Gist available on my Github

First, we’ll start by installing Mike Kearney’s rreddit package. It’s kinda still in development, I guess, but it gets the job done. Some functions from it were either not found or broken, but that may be because I was too lazy to update my version of R from 3.5.0. If you have problems, just throw “mkearney %broken function%” into the ol’ Google and you’ll be good to go. Below, I have included fixed/usable functions that should fulfill everything needed by the rreddit package.

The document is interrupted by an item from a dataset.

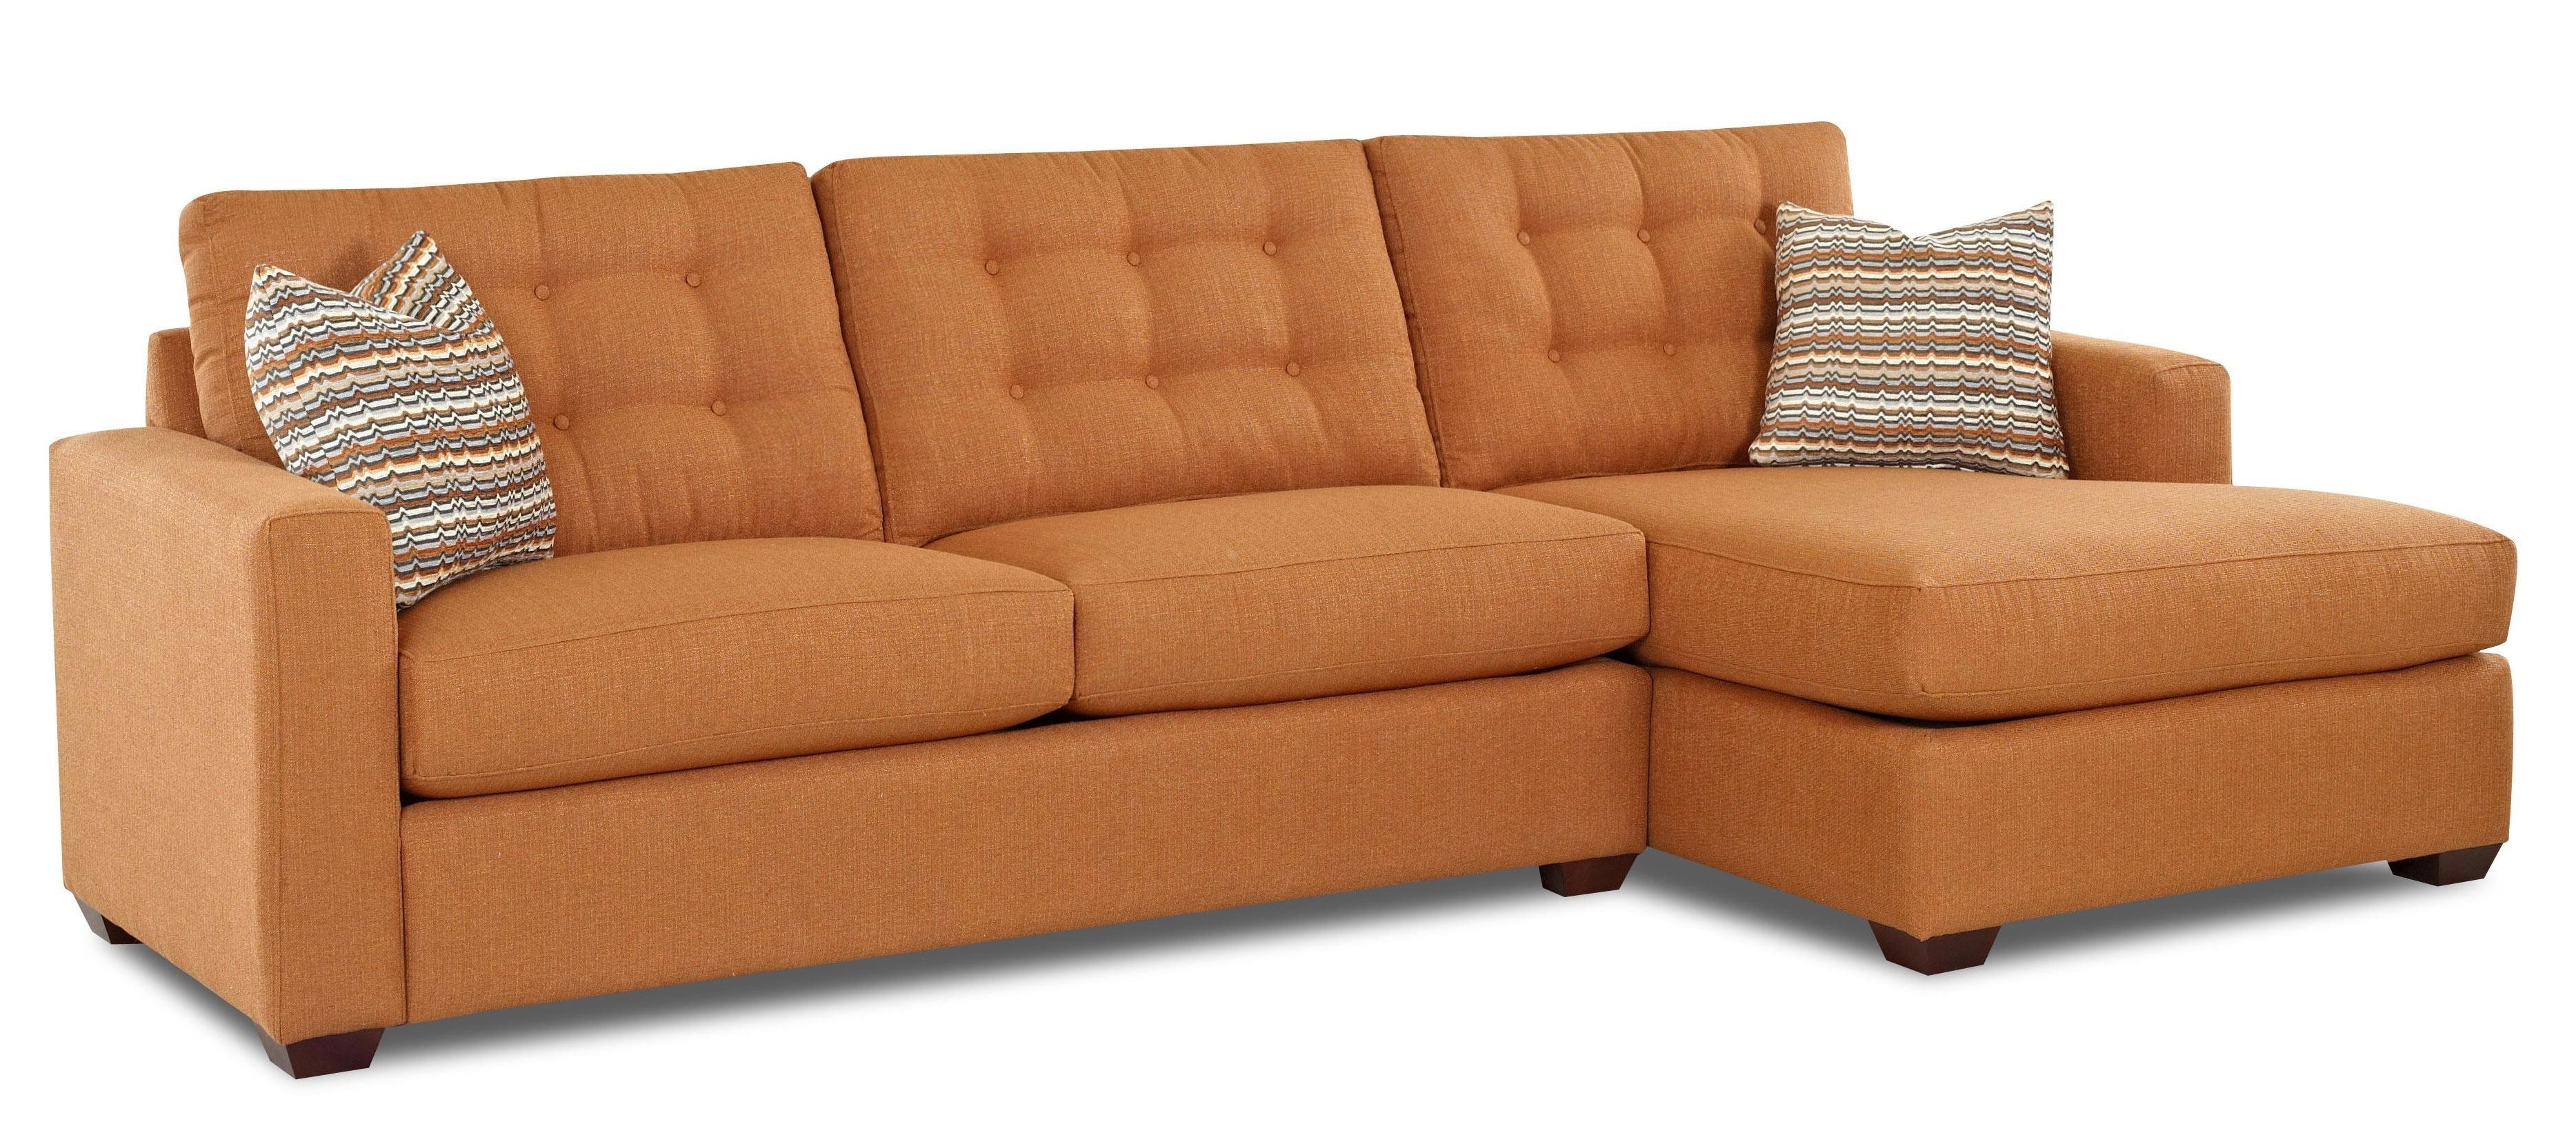 Chaise Lounge Couches Throughout Latest Chaise Lounge Sofa Diy – Chaise Lounge Sofa, History And Function (View 8 of 15)
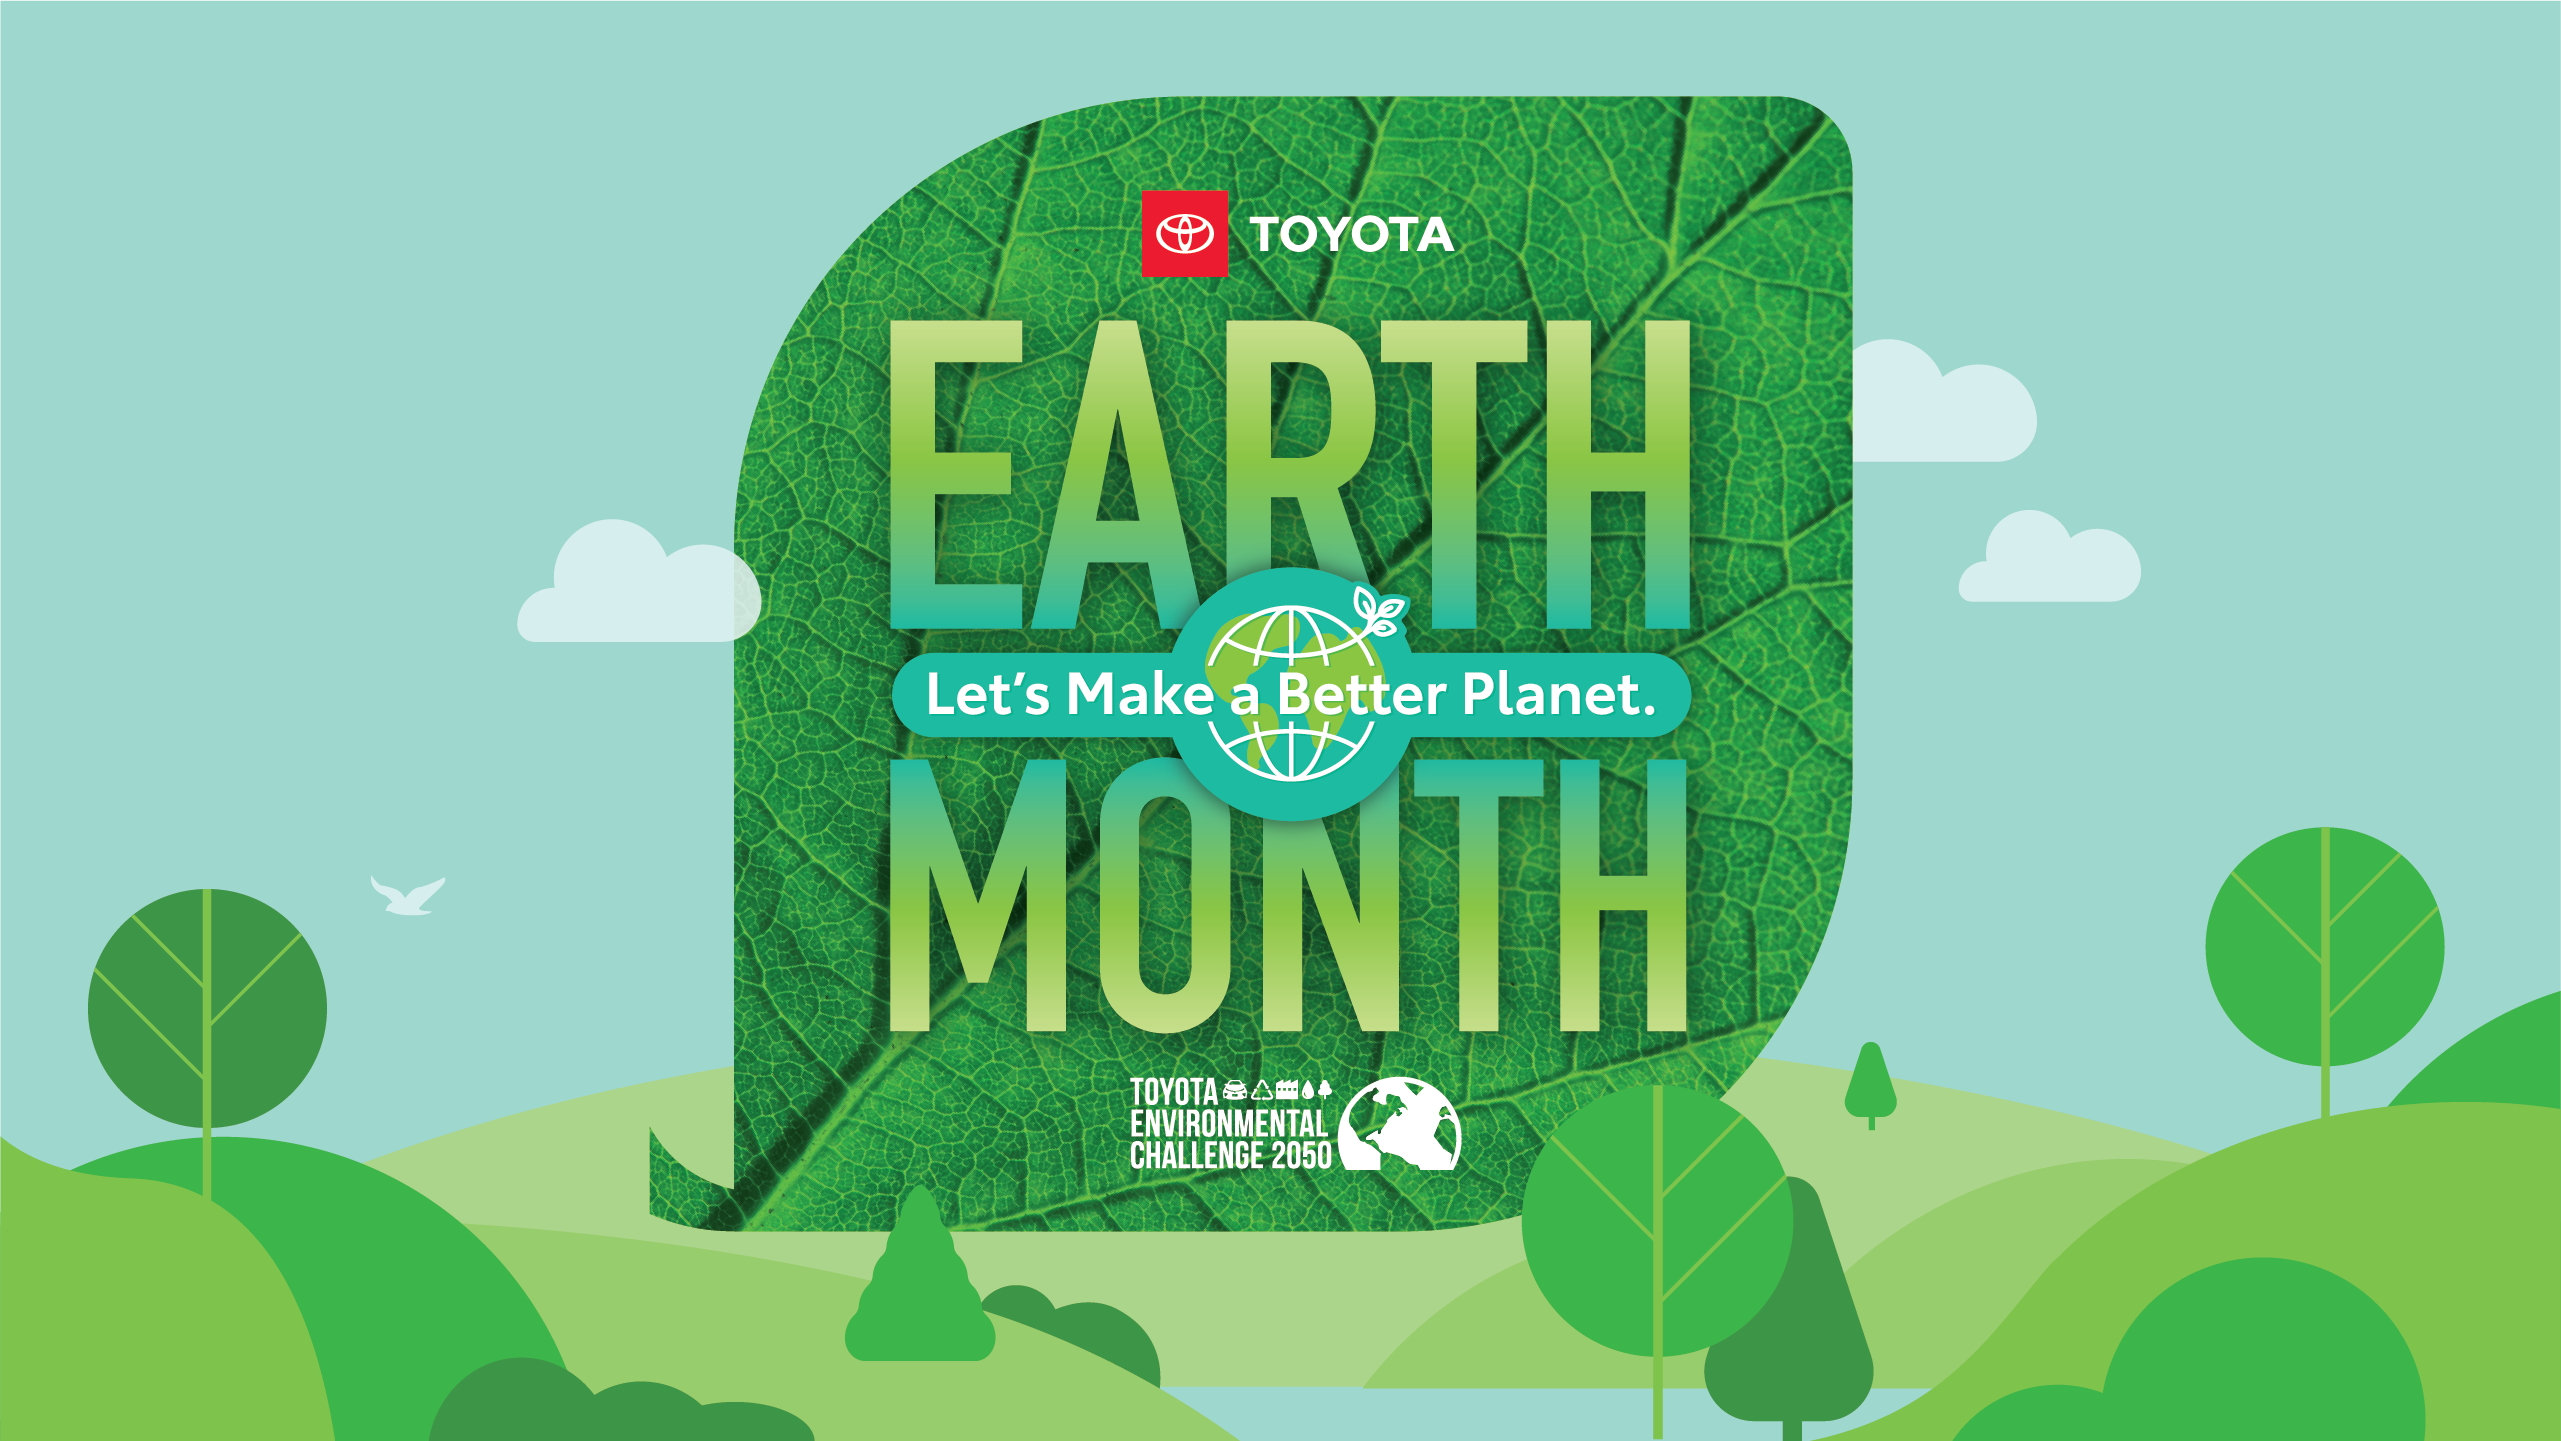 A graphic that reads "Toyota Earth Month, Let's Make a Better Planet",

#remotes::install_github("mkearney/rreddit")
#remotes::install_github("mkearney/tbltools")
library(rreddit)
library(tidyverse)
library(tbltools)
library(lubridate)
library(hexbin)

as_tbl <- function(x, ..., validate = FALSE) {
    tibble::as_tibble(x, ..., validate = FALSE)
}

get_comment_reddit <- function(subreddit = "all", author = NULL, n = 1000, after = NULL) {
  n <- ceiling(n / 1000)
  x <- vector("list", n)
  for (i in seq_along(x)) {
    url <- "https://api.pushshift.io/reddit/search/comment/?size=1000"
    if (!identical(subreddit, "all")) {
      url <- paste0(url, "&subreddit=", subreddit)
    }
    if (!is.null(author)) {
      url <- paste0(url, "&author=", author)
    }
    if (!is.null(after)) {
      url <- paste0(url, "&before=", as.numeric(after))
    }
    r <- httr::GET(url)
    j <- httr::content(r, as = "text", encoding = "UTF-8")
    j <- jsonlite::fromJSON(j)
    x[[i]] <- as_tbl(non_recs(j$data))
    if (!"created_utc" %in% names(x[[i]])) break
    x[[i]] <- formate_createds(x[[i]])
    after <- x[[i]]$created_utc[nrow(x[[i]])]
    if (length(after) == 0) break
    #tfse::print_complete(
    #  "#", i, ": collected ", nrow(x[[i]]), " posts"
    #)
  }
  tryCatch(docall_rbind(x),
           error = function(e) x)
}

get_r_reddit <- function(subreddit = "all", n = 1000, after = NULL) {
  n <- ceiling(n / 1000)
  x <- vector("list", n)
  for (i in seq_along(x)) {
    url <- "https://api.pushshift.io/reddit/search/submission/?size=1000"
    if (!identical(subreddit, "all")) {
      url <- paste0(url, "&subreddit=", subreddit)
    }
    if (!is.null(after)) {
      url <- paste0(url, "&before=", as.numeric(after))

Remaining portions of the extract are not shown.